No feedback loop. Reps should log PQL quality in the CRM: converted, not relevant, bad timing. Without that feedback, the model never gets better. Minimum viable: a binary “useful / not useful” flag after each outreach.
Score without context. “82” tells a sales rep nothing. LLM-generated briefings turn a number into an action. Don’t treat this as optional — it’s what makes the difference between leads that get worked and leads that sit in the queue.
What’s Next
PQL scoring is the foundation. Once it’s running, natural next steps:
- Predictive model. Replace rule-based scoring with logistic regression or gradient boosting trained on historical conversions. Rules work at launch; ML generalizes better as volume grows.
- Real-time scoring. Move from batch (daily) to stream processing. Score updates on every event; sales gets a notification the moment a user crosses into hot.
- In-product actions. Let the score drive UX, not just CRM: paywall triggers, premium feature hints, personalized onboarding flows.

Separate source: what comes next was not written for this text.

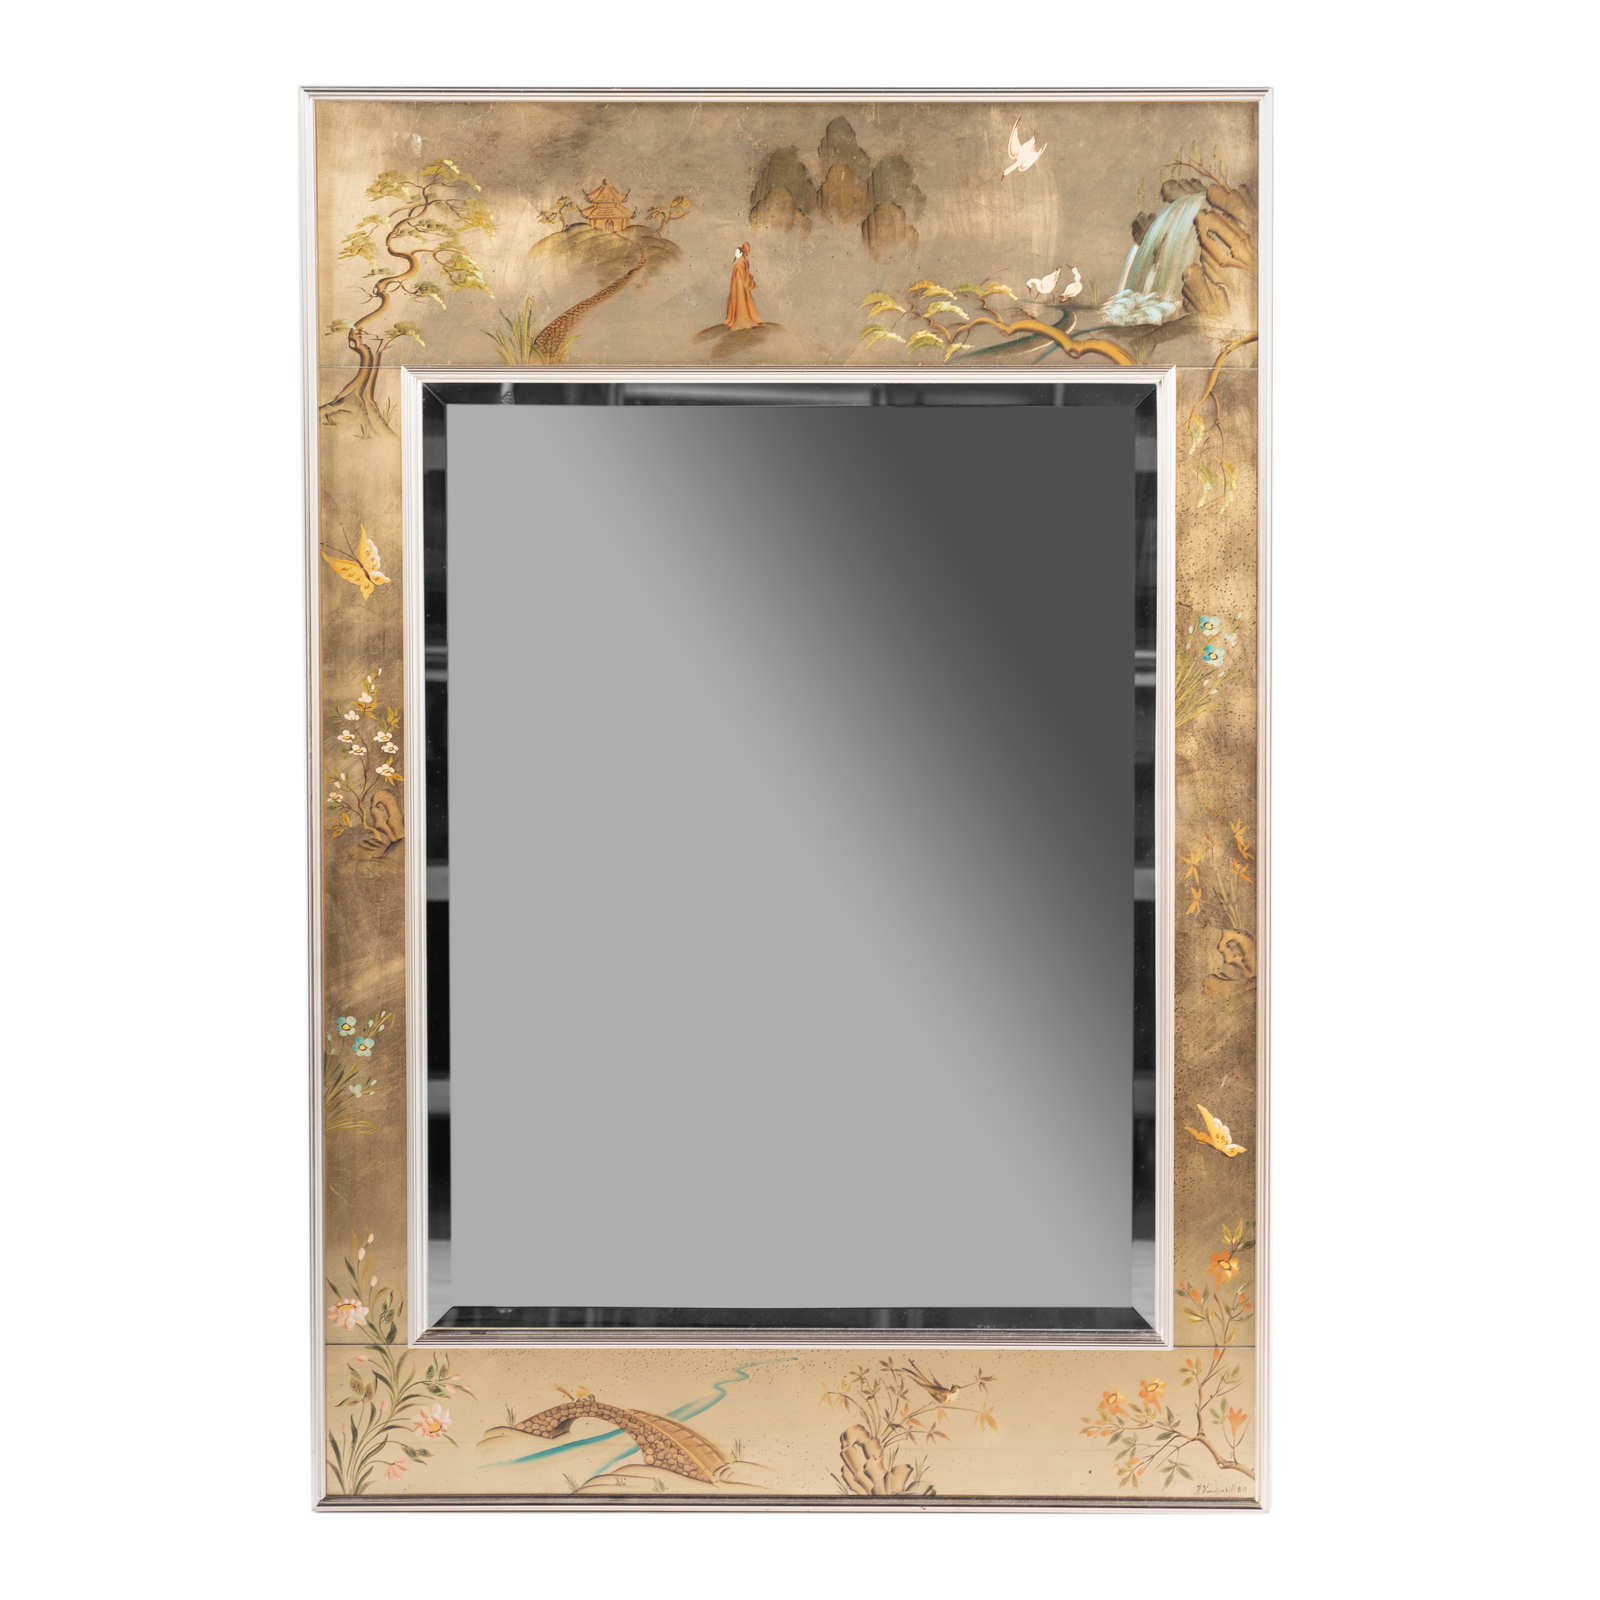 LABARGE CHINOISERIE STYLE MIRROR

- Multi-touch attribution. Layer PQL score on top of marketing touchpoints for a fuller picture of how deals actually close.

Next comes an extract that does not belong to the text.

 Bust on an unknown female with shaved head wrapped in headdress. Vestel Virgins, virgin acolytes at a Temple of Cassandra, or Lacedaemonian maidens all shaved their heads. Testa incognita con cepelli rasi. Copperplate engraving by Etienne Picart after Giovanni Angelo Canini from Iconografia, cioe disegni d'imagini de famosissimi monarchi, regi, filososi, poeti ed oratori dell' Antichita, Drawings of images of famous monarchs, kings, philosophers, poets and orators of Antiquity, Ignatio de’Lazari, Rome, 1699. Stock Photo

The whole system takes 2–3 sprints to ship. Results show up within 30 days: sales works fewer leads, but each one converts at a higher rate. That’s the point of Product-Led Growth — the product does the qualification work, so your team doesn’t have to.

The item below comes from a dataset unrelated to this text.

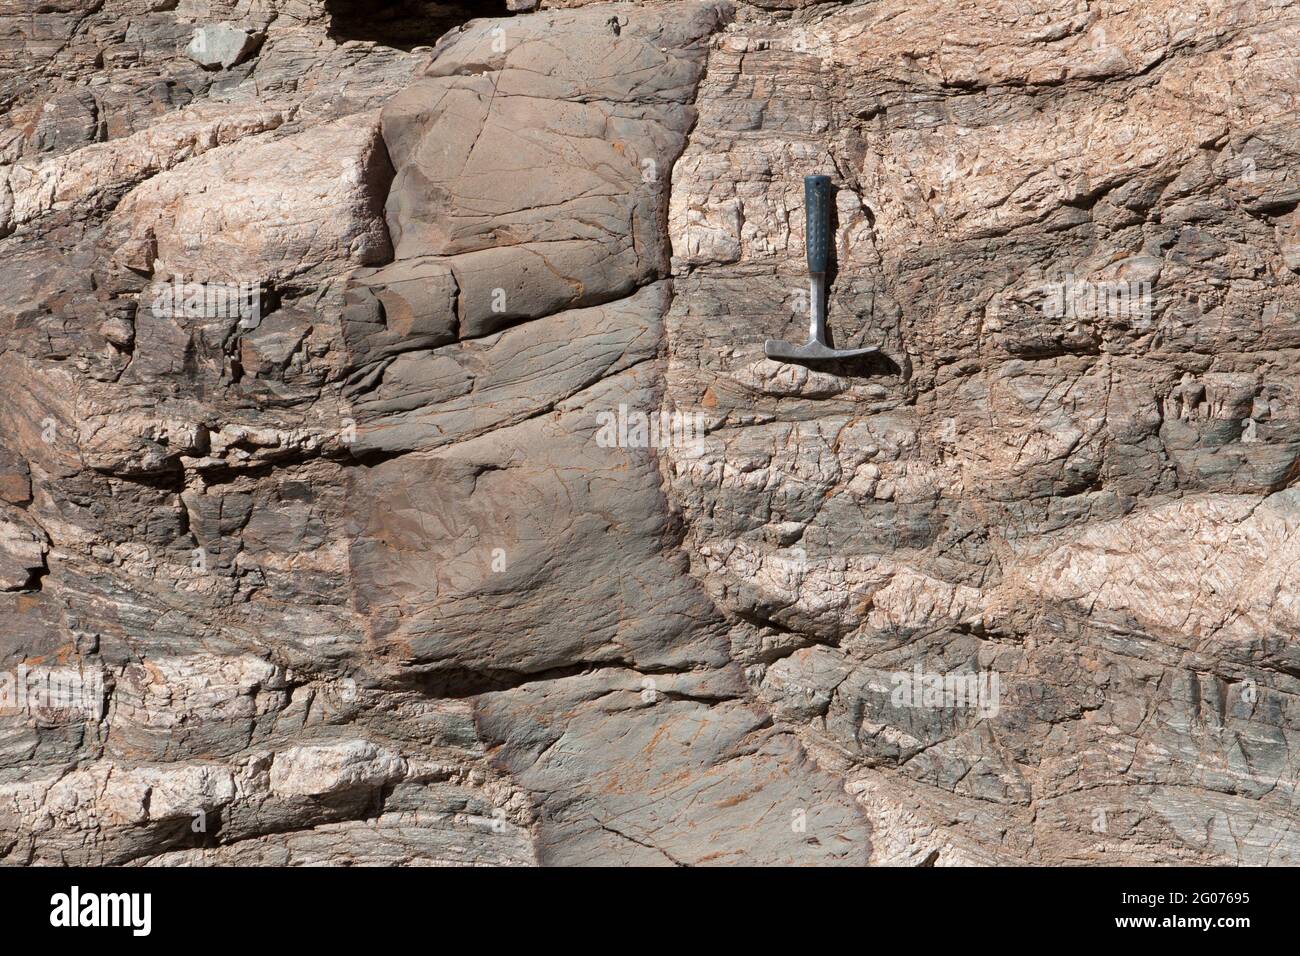 Basaltic dike with chilled margins intruding metamorphic rock (gneiss), SE California. Rock hammer for scale. Stock Photo

Need help building a PQL scoring model? I help startups build AI products and automate processes — belov.works.
FAQ
How do you handle PQL scoring for a B2B product where multiple users from the same company are active on the free plan?
Aggregate at the company domain level, not the individual user level. Sum or average scores across all users from the same domain, and add a multiplier for team size — five active users from acme.com is a stronger signal than one user with a higher individual score. The SQL pattern is to GROUP BY company_domain and treat the account as the scoring unit. Individual user scores still matter for personalizing the sales briefing, but the tier assignment should reflect account-level behavior.
What’s the minimum viable version of PQL scoring a two-person startup can ship in a week?
Start with a single binary rule: if a user has completed at least two specific activation events within 14 days AND used a work-domain email, flag them as a PQL. No weights, no tiers, no LLM enrichment. Export the list weekly to a spreadsheet and have the founder call each person. This produces 80% of the value of a full scoring model and takes a day to implement. Layer in the full SQL-based scoring once you’ve validated that activation events actually predict conversion in your product.
How does PQL scoring interact with self-serve and product-led sales motions — should it apply to both?
Yes, but with different outputs. For self-serve (user converts without sales contact), PQL scoring drives in-product triggers: which upsell message to show, when to surface the pricing page, what feature to unlock in a trial. For product-led sales (a human reaches out), PQL scoring tells the rep who to contact and what to say. The same underlying score powers both motions — the difference is in what action fires when a user crosses a threshold.